Image acquisition and analysis

Images were obtained with a Nikon eclipse 80i equipped with Nikon Digital Sight DS-Vi1 color camera, at 200x magnification. Each microscopic field of interest was acquired in separate pictures, one per fluorochrome used. Multiple-staining pictures were obtained off-line by merging the different single-stained pictures.

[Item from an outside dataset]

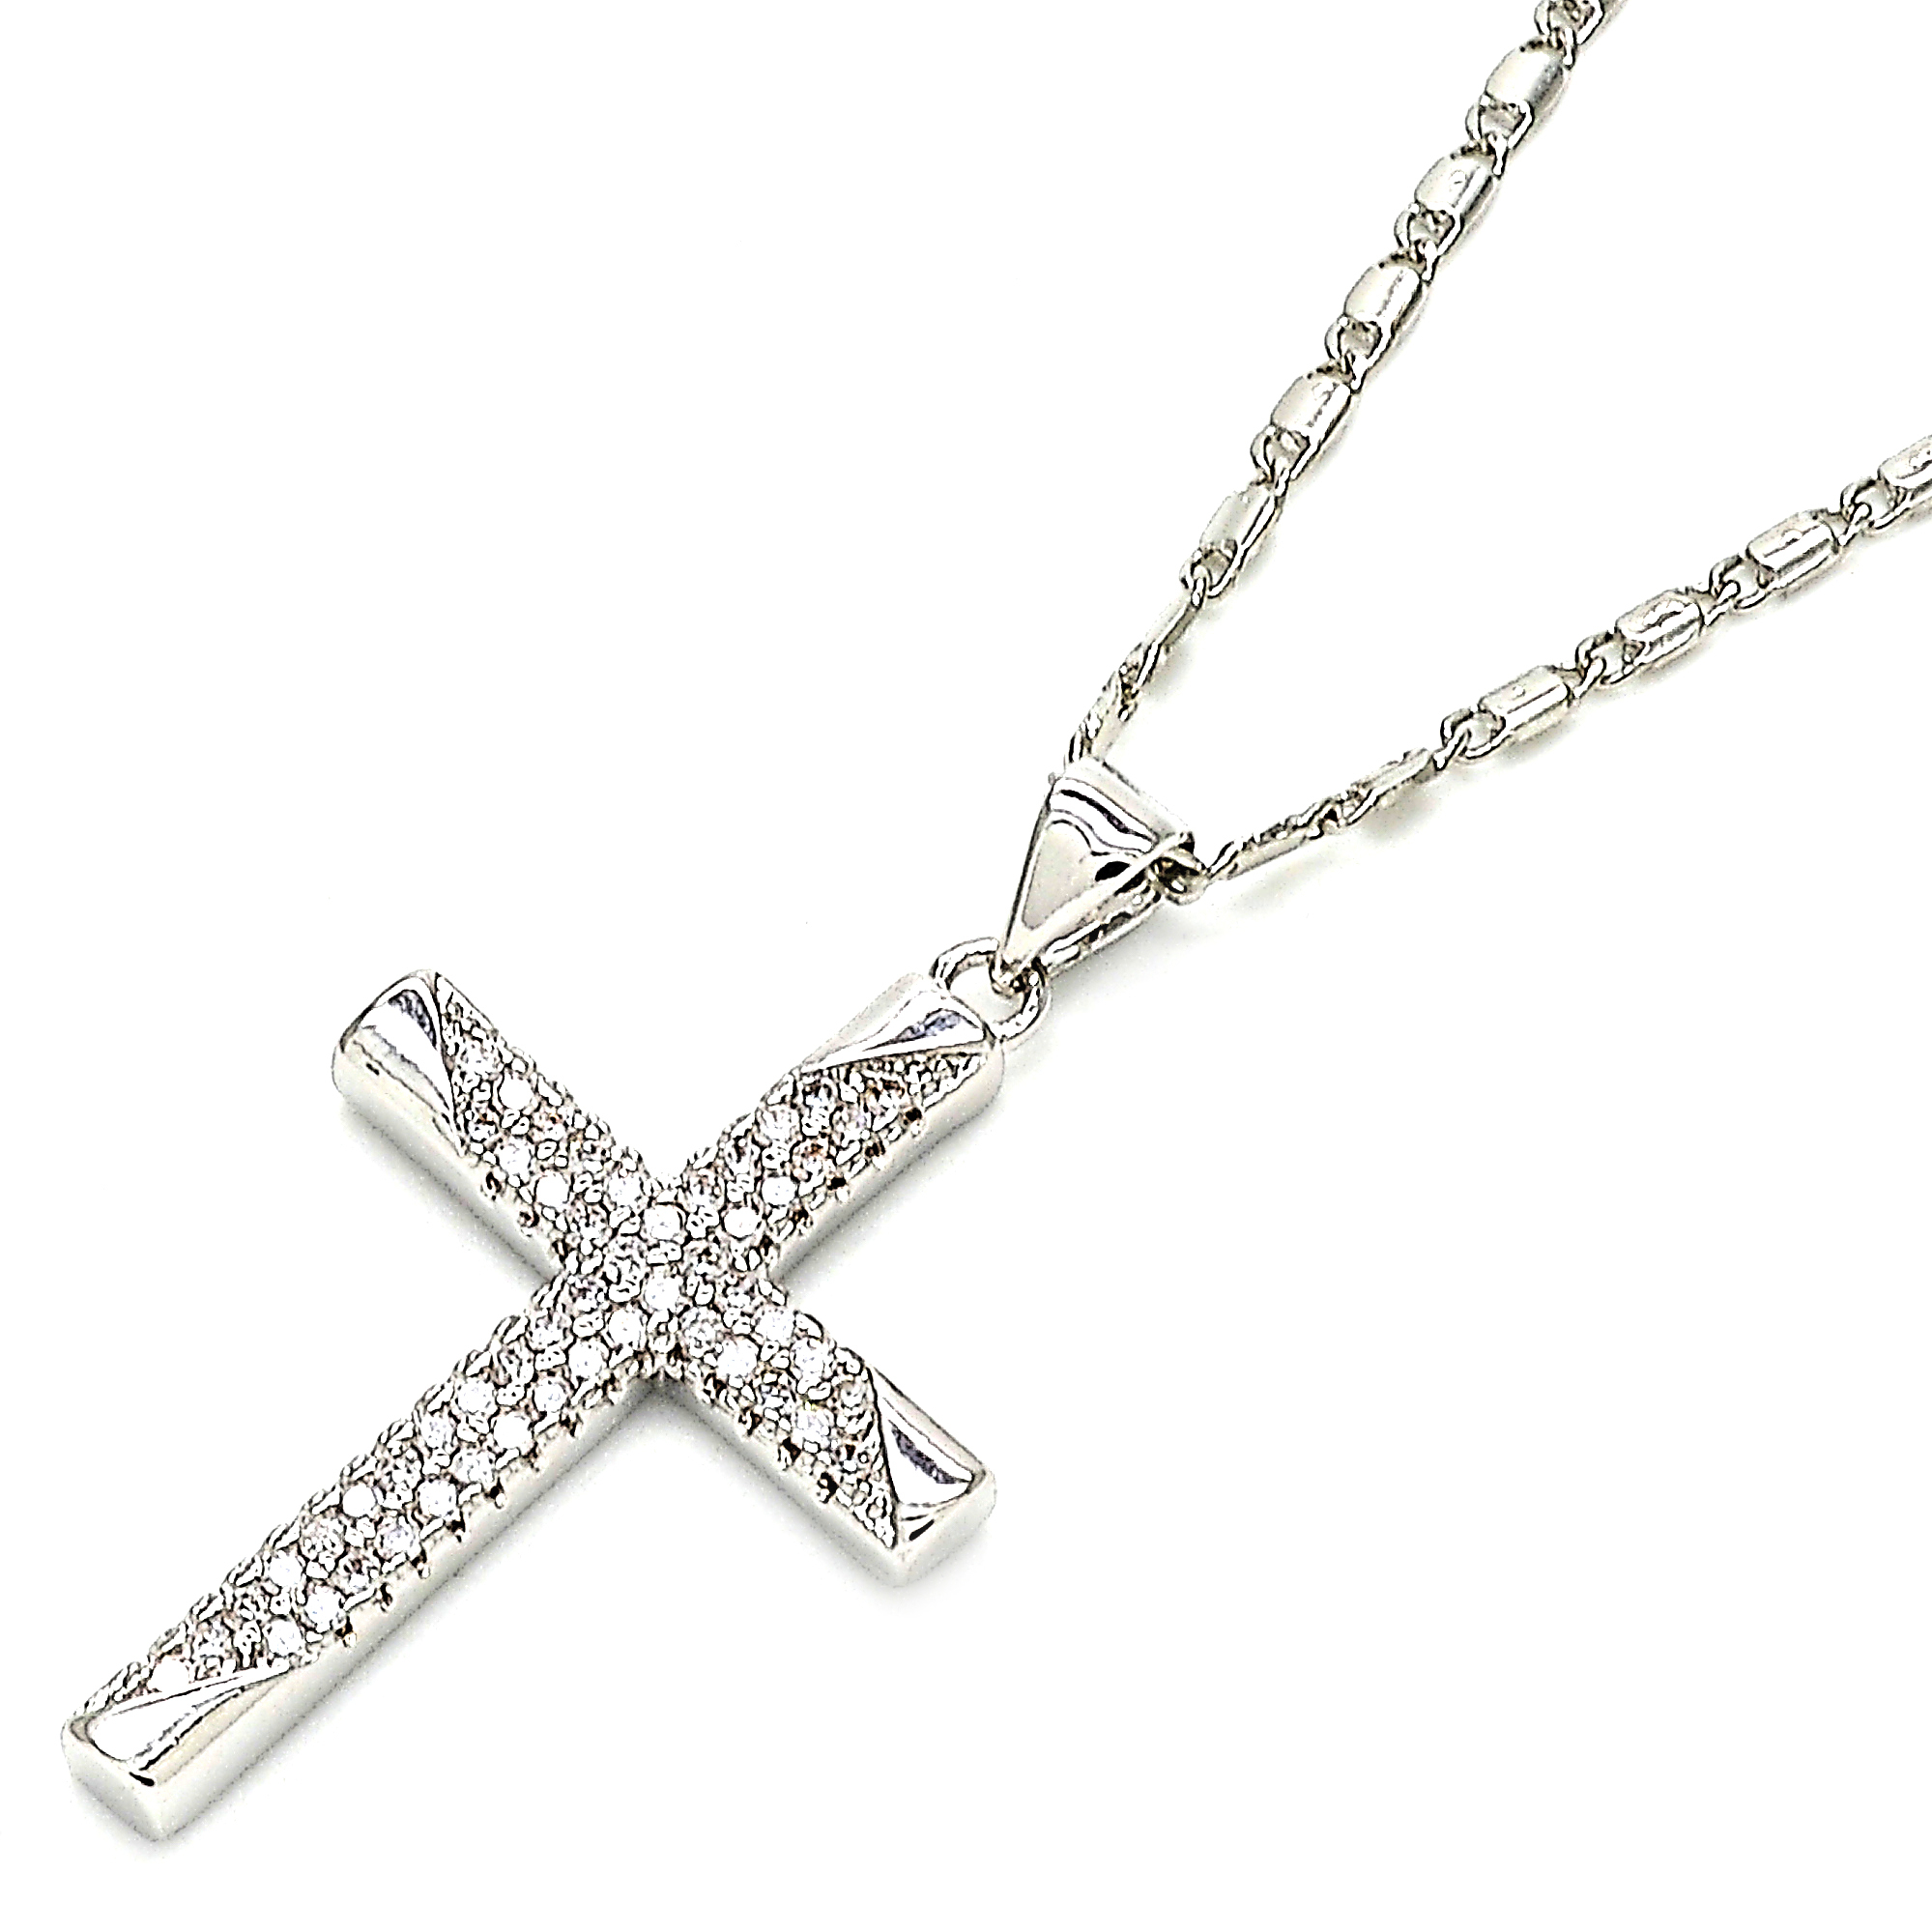 Rhodium Filled High Polish Finsh Fancy Necklace, Cross Design, With Crystal, Rhodium Tone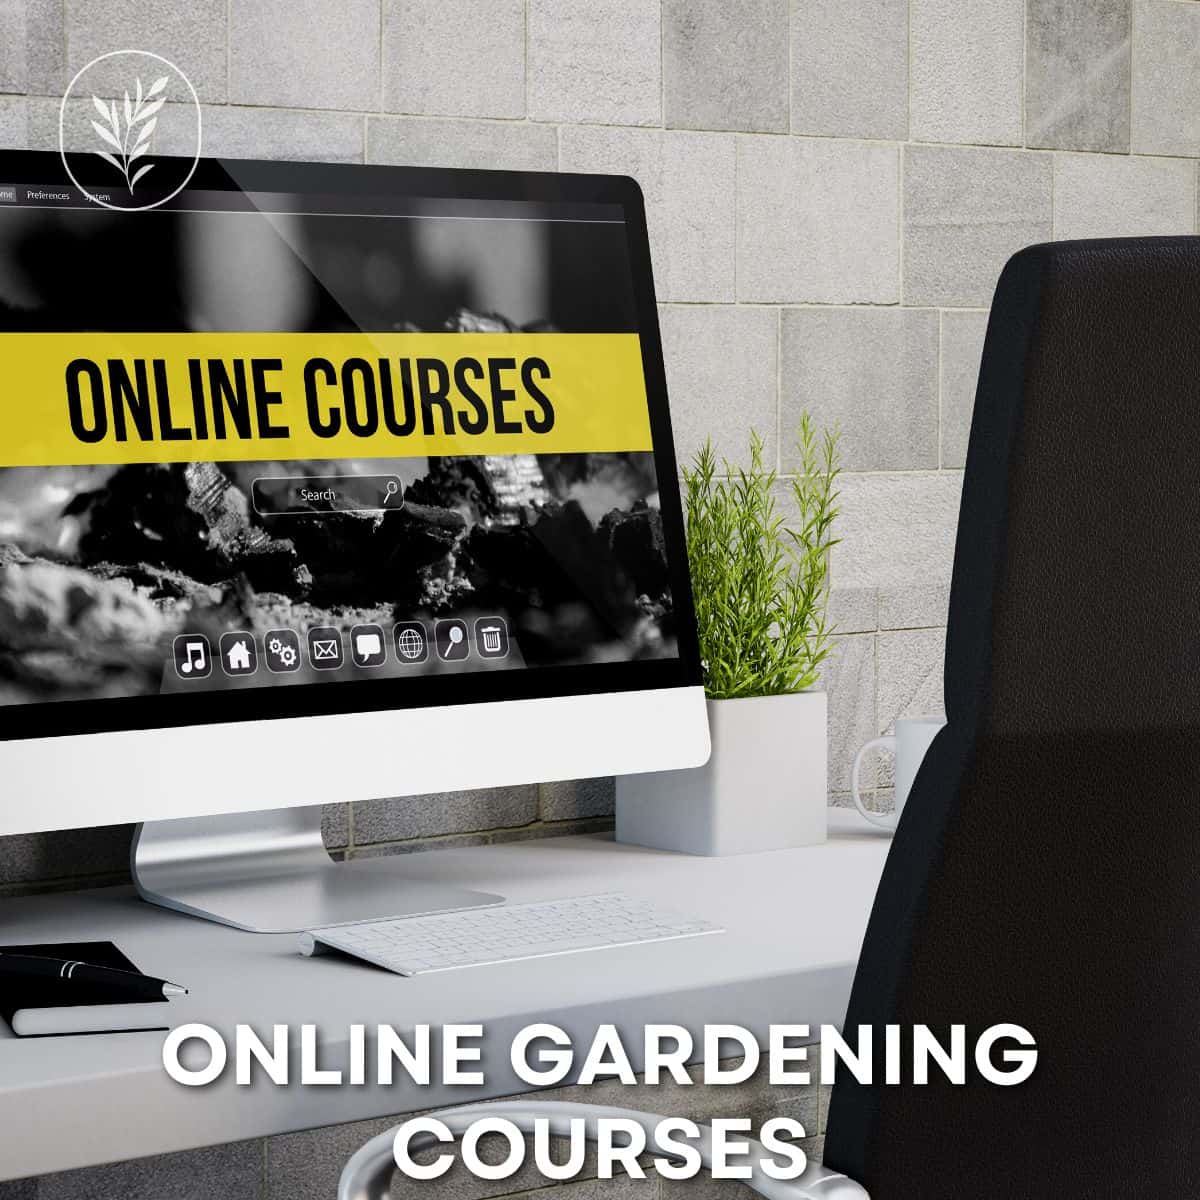 Online gardening courses via @home4theharvest

Positive immunoreactions and multiple staining were counted using ImagePro Analyzer 7.0 (Media Cybernatics). Considering the 1 out of 6 slices taken for each animal, all the brain slices presenting the neuronal structures of interest were counted and averaged. Therefore, for each structure, every animal provided a mean value per slice, that was averaged with the same values obtained from the other animals belonging to the same experimental condition.

Statistical analysis

Data were analyzed separately for each brain structure considered. Statistical analysis was carried out only on cFos and CTb data, using a one-way ANOVA (SPSS 25.0), considering the experimental conditions as the between-groups parameter. To compare means of the different experimental groups a modified t-test (t*)43. was used, considering the following comparisons: Torpor group vs. all the other experimental conditions, Control vs. Cold Exposure group and Control vs. Fasting group. Significance level was pre-set at p < 0.05.

The datasets generated and/or analysed during the current study are available from the corresponding author upon reasonable request.